So, I don't understand how the CR3s that are used by the APs when they
serve MP services PPI requests, throughout the PEI phase (*), have
anything to do with CpuS3.c's page tables (which live in SMRAM, AIUI).

[Jiewen] It is very tricky.
First, in normal boot, the SMM need prepare a CR3 as SMM page table, which is 
obvious.

In S3, the S3Resume calls AsmWriteCr3(SmmS3ResumeState->SmmS3Cr3) then jump to 
SmmS3ResumeState->SmmS3ResumeEntryPoint. Now BSP hold SmmS3Cr3 but in non-SMM 
mode.

In SmmRestoreCpu(), BSP calls EarlyInitializeCpu()/PrepareApStartupVector() in 
non-SMM mode. And mExchangeInfo->Cr3         = (UINT32) (AsmReadCr3 ()); Now AP 
holds SmmS3Cr3 in non-SMM mode. It is OK, because SMRAM is OPEN.

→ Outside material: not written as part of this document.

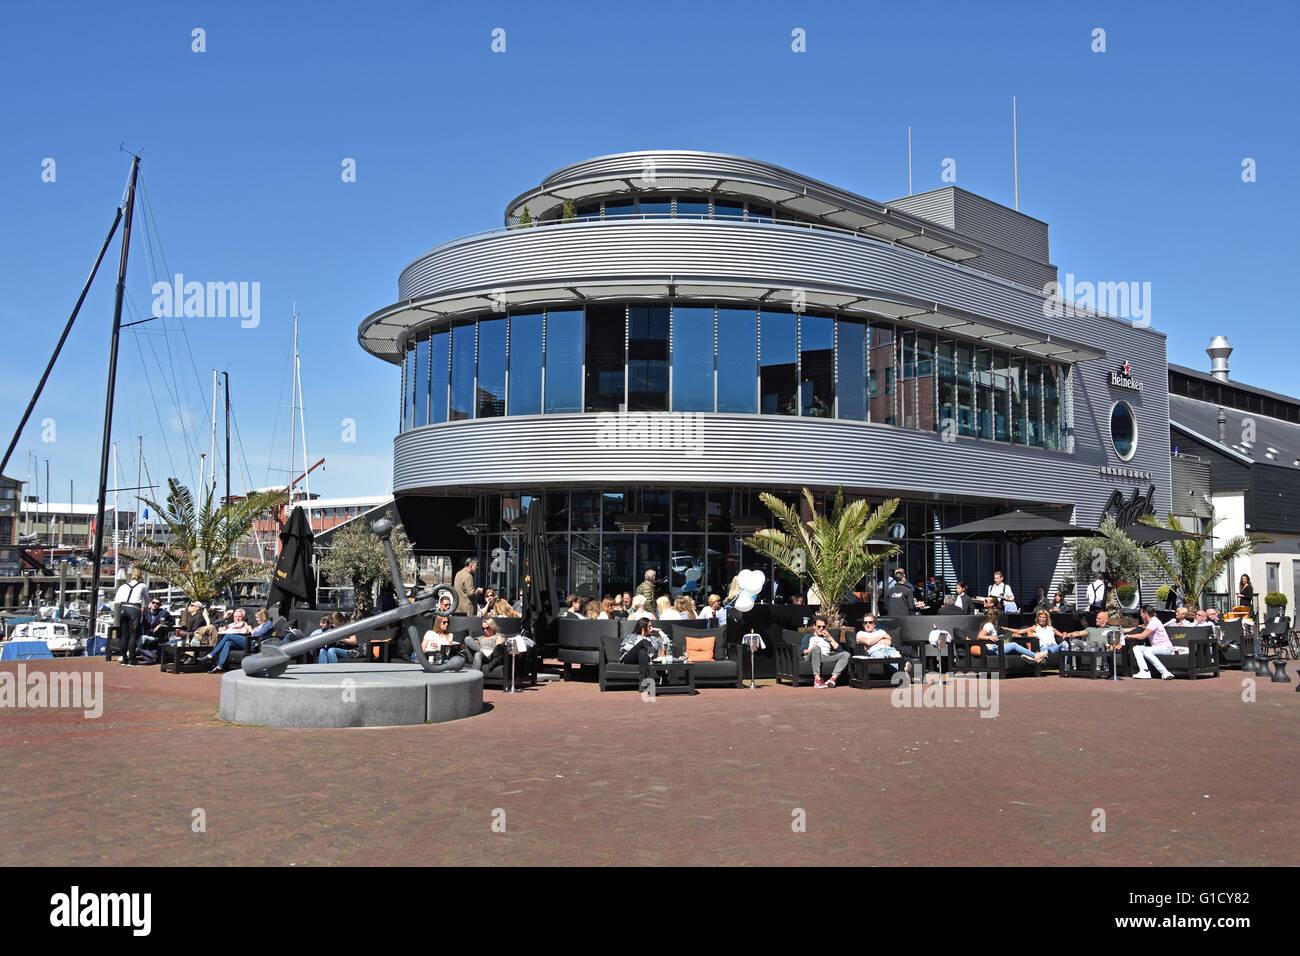 Bar Restaurant Catch Port Schevenigen ( Doctor Lelykade Vissershaven ) The Hague Netherlands Dutch - Stock Image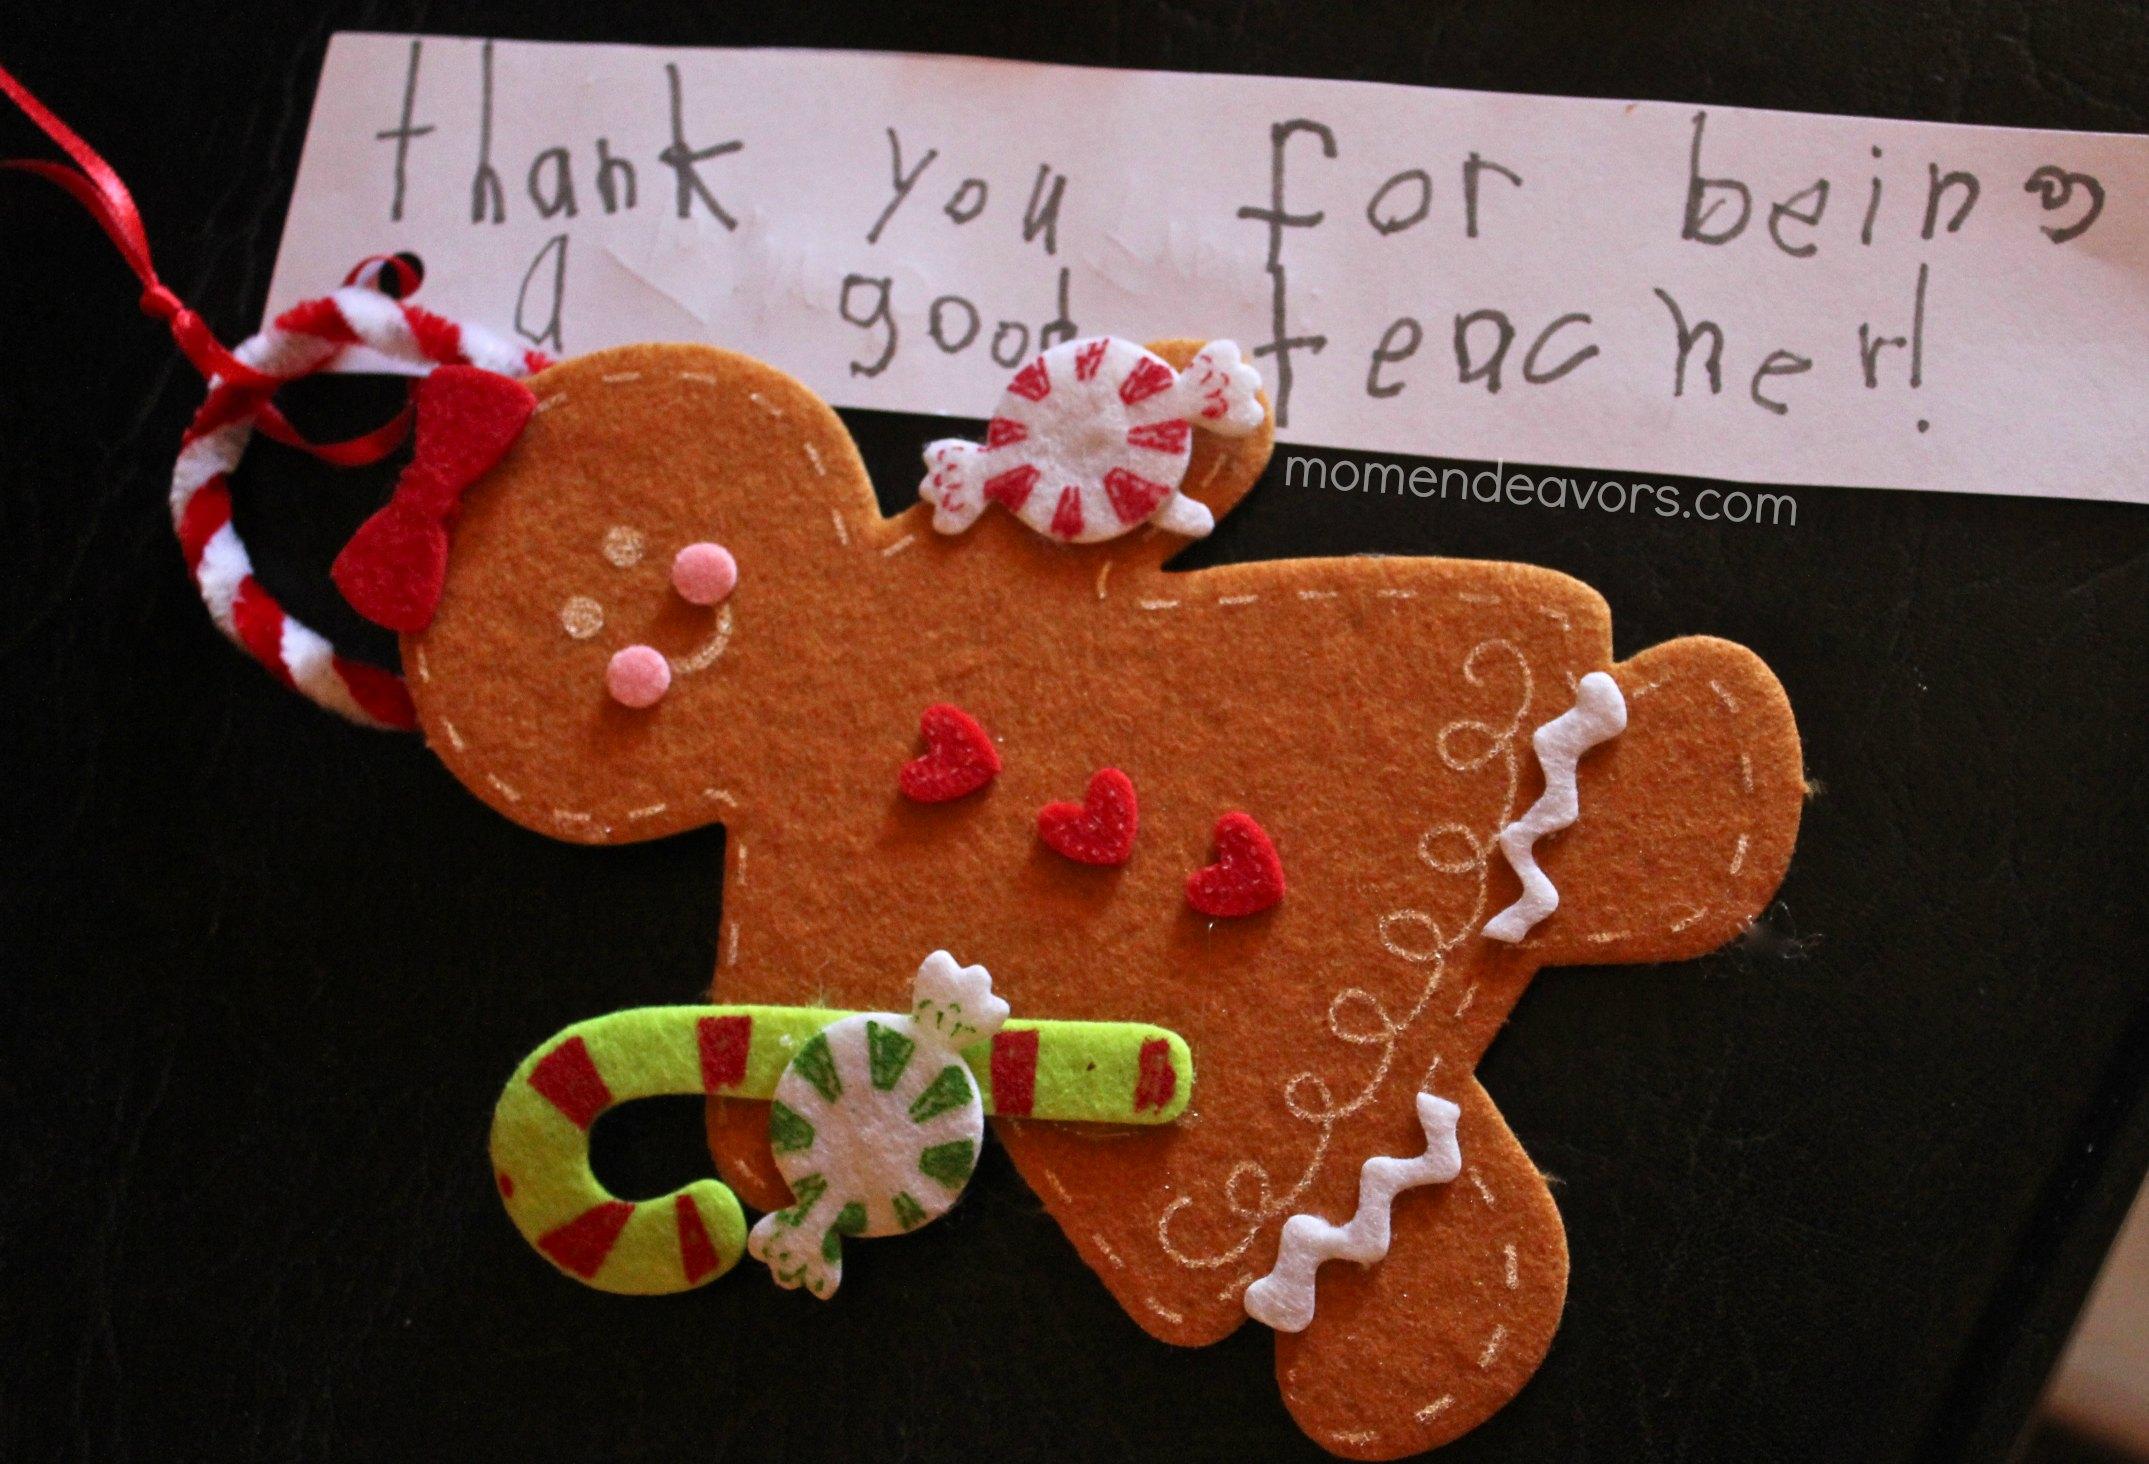 Gingerbread man ornaments - I

When SmmRelocateBases() is called, AP is waken up and does rebase. SmmS3Cr3 is 
used for AP in SMM. But it does not change the fact that SmmS3Cr3 is also used 
in non-SMM mode.

Later in InitializeCpu(), AP wakeup buffer is put to below 1M with SmmS3Cr3.

Thank you
Yao Jiewen

From: Laszlo Ersek [mailto:ler...@redhat.com]
Sent: Thursday, November 10, 2016 7:27 AM
To: Paolo Bonzini <pbonz...@redhat.com>
Cc: Yao, Jiewen <jiewen....@intel.com>; Kinney, Michael D 
<michael.d.kin...@intel.com>; Tian, Feng <feng.t...@intel.com>; 
edk2-de...@ml01.01.org; Zeng, Star <star.z...@intel.com>; Fan, Jeff 
<jeff....@intel.com>
Subject: Re: [edk2] [PATCH V2 0/6] Enable SMM page level protection.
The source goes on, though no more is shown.